Dr. Robin Dunbar’s theory is based on the neocortex, the advanced part of the brain responsible for our language and social skills. This part of the brain is powerful but has a fixed limit on how much information it can process. Dunbar’s number, which is about 150, represents the limit of friendships one can have. This number does not just represent the number of faces you can recognize, but the number of friendships you can truly maintain at a higher level. A friendship is a reciprocal relationship, an effort made by both people. Maintaining a reciprocal friendship requires significant mental effort. Constantly tracking an individual’s history, current emotional state, and details of shared experiences. This difficult mental checklist is what places the hard limits on social lives.

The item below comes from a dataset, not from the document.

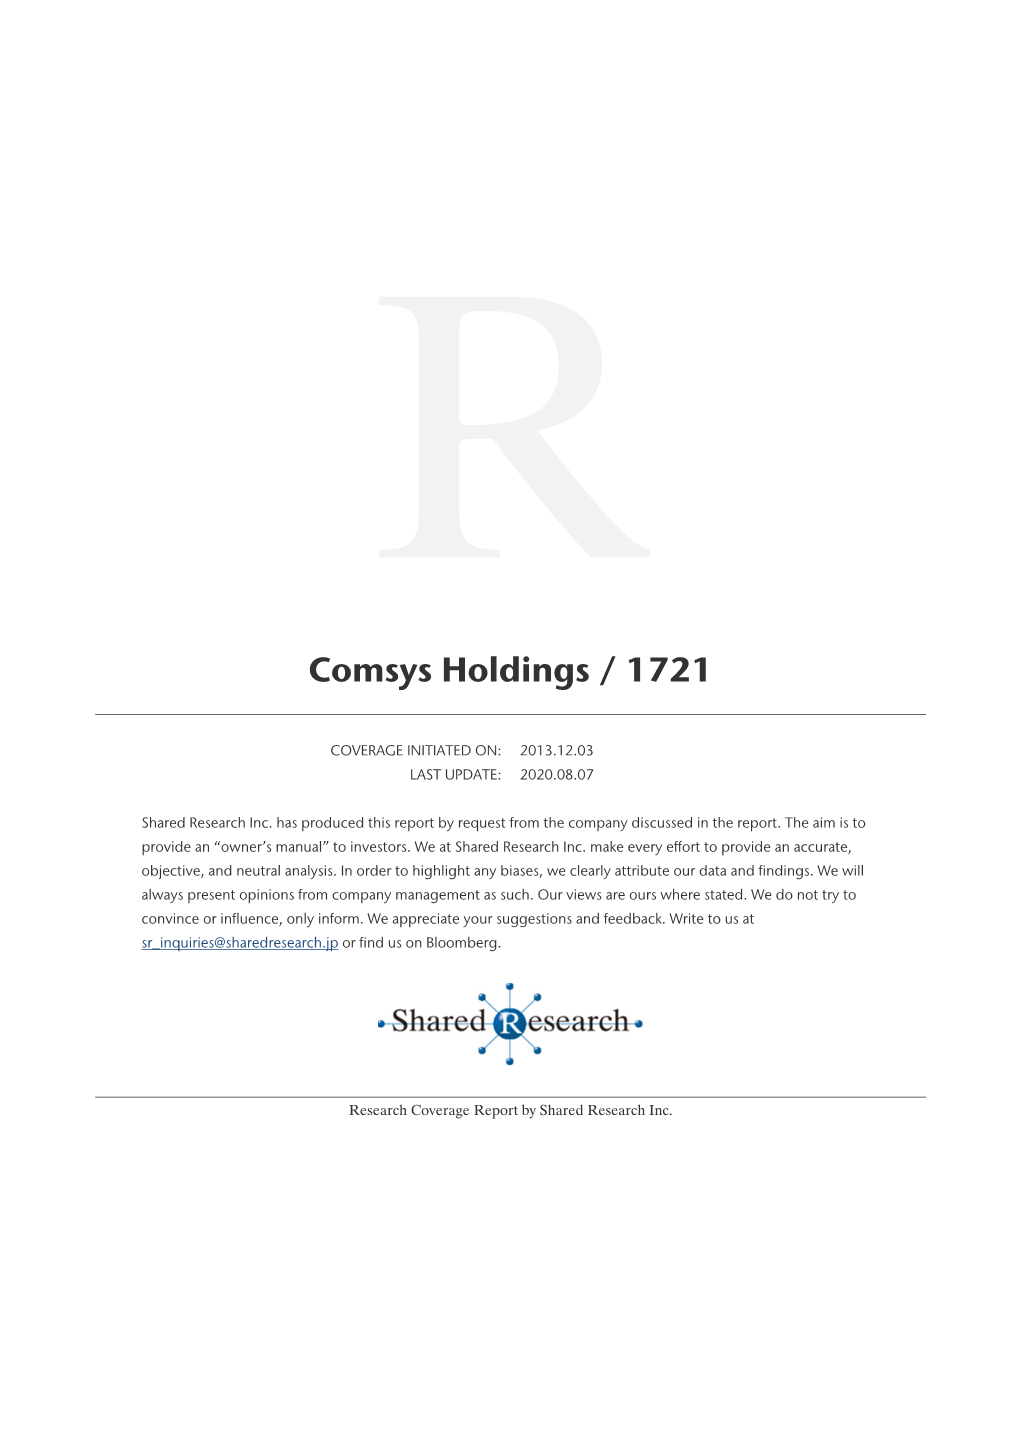 Comsys Holdings / 1721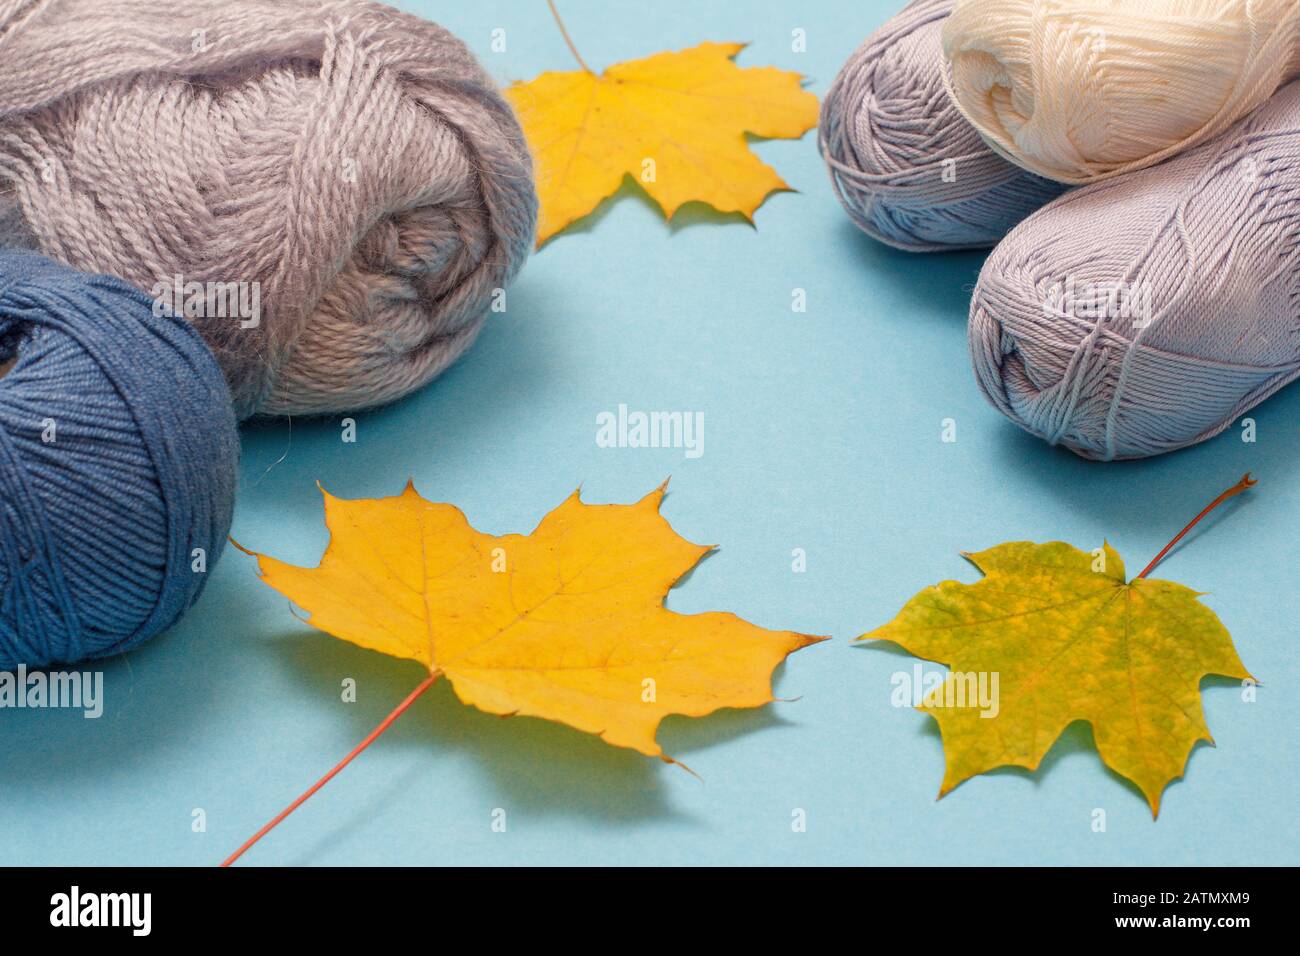 Knitting yarn balls and dry maple leaves on a blue background. Knitting concept. Stock Photo

The social limit of 150 does not just represent one specific group; it actually reflects the amount of emotional effort put in. Studies say that the most essential circle holds your five closest friends. The next layer is a 15-person “sympathy group” which details the friends you hold most close after your first five. Then the group grows to a 50-person “good friends” group. Lastly, ending with the other roughly 90-person group of acquaintances.
A key finding is that while social media enables a vast network of weak relationships, these platforms do not increase the number of emotional relationships one has. The frequency of genuine communication will still fall into the established tiers. Ultimately, our minds are hardwired for a smaller, intimate community. Attempting to exceed the 150 limit often means that the rest of the relationships have become superficial. Therefore, the most critical takeaway is to focus your energy on a select group of high-quality people rather than seeking quantity.